The AMP-activated protein kinase gene is highly expressed in rat skeletal muscle. Alternative splicing and tissue distribution of the mRNA.

The AMP-activated protein kinase (AMPK) phosphorylates, and thereby inactivates, a number of enzymes involved in the regulation of lipid metabolism. We have studied the expression of the AMPK gene in a variety of rat tissues. The gene is transcribed into a message of approximately 9.5 kb as detected by Northern blotting. Highest expression of the AMPK message was found in skeletal muscle, which contained 20 amol/micrograms total RNA as determined by competitive reverse-transcription/polymerase chain reaction (RT-PCR). In liver, kidney, brain, mammary glands, heart and lung, AMPK mRNA levels ranged over 1-4 amol/micrograms total RNA. Adipose tissue contained less than 1 amol/microgram total RNA. A second AMPK mRNA form was detected by RT-PCR that was 142 bases shorter than the functional transcript.
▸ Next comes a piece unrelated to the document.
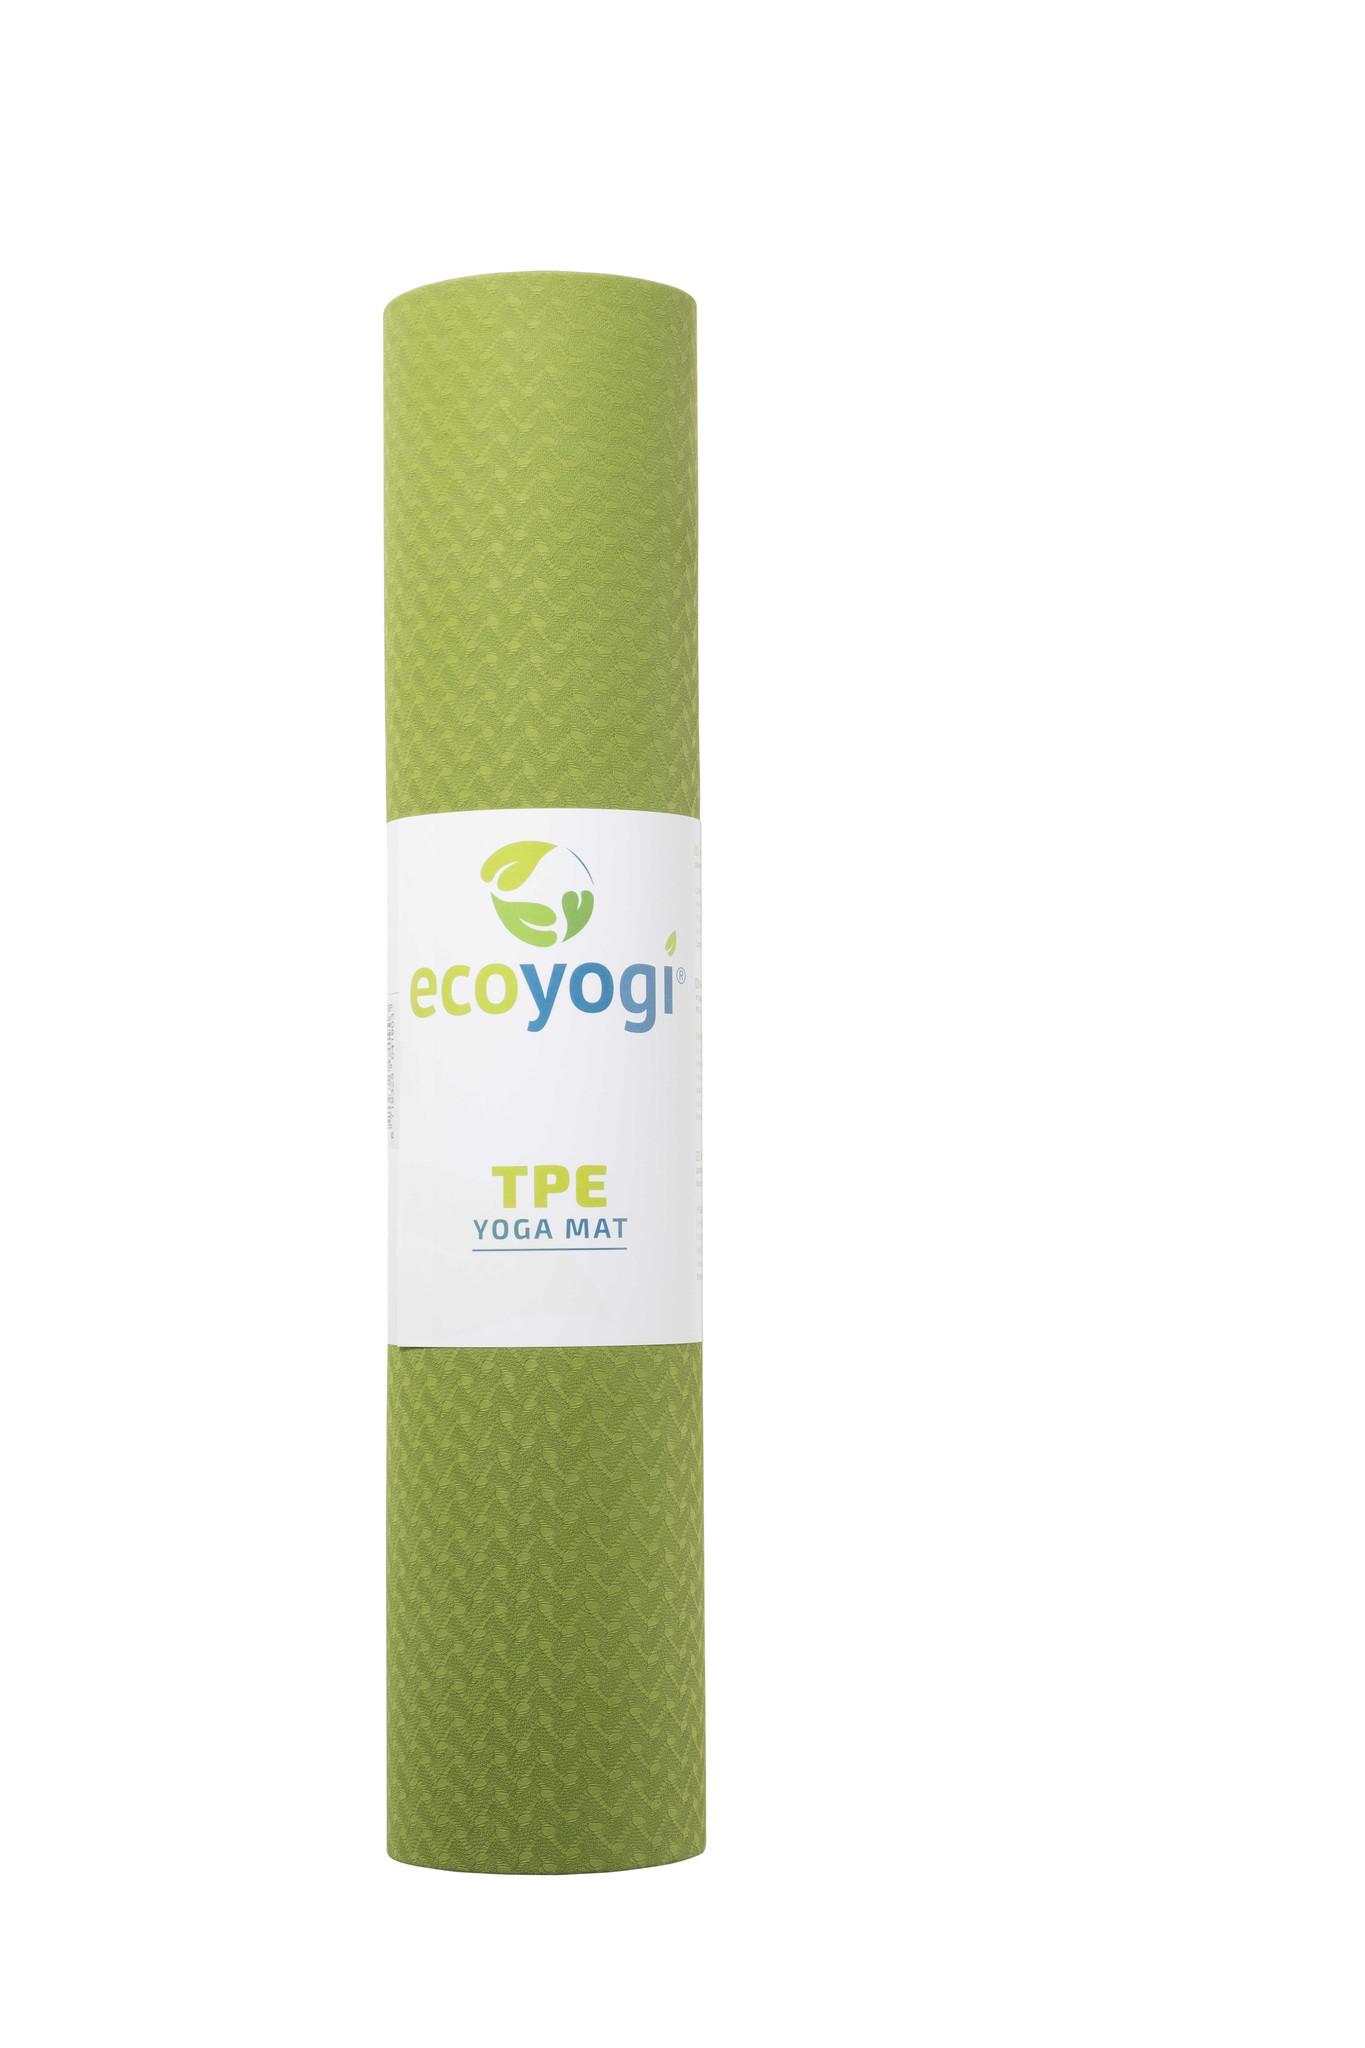 Wonderbaar Ecoyogi TPE Yoga mat Groen/zwart - 6 mm - 2Essence - Yogamat IP-55

This transcript was apparently generated by alternative splicing of a single exon within the 5'-coding region. The shorter of the two messages, which is not translated into AMPK protein, contributed between 35-60% of AMPK mRNA in most tissues, but only 15-20% in skeletal muscle and heart. As a result, functional AMPK mRNA was sevenfold higher in skeletal muscle than in liver, although AMPK activity was much lower. By Western blotting, relatively large amounts of AMPK protein were detected in skeletal muscle compared to liver. AMPK isolated from skeletal muscle was not activated by treatment with AMPK kinase under conditions where liver AMPK was fully activated. A single 63-kDa polypeptide was immunoprecipitated from rat skeletal muscle using anti-peptide IgG against AMPK. In contrast, two additional polypeptides with apparent molecular masses of 38 kDa and 36 kDa co-precipitated with the 63-kDa AMPK protein from rat liver. These results indicate that the muscle enzyme has a different subunit organization compared to the liver enzyme, which may account for its low catalytic activity. Together, our results indicate a physiological role for AMPK in muscle, in addition to its previously described role in lipid metabolism.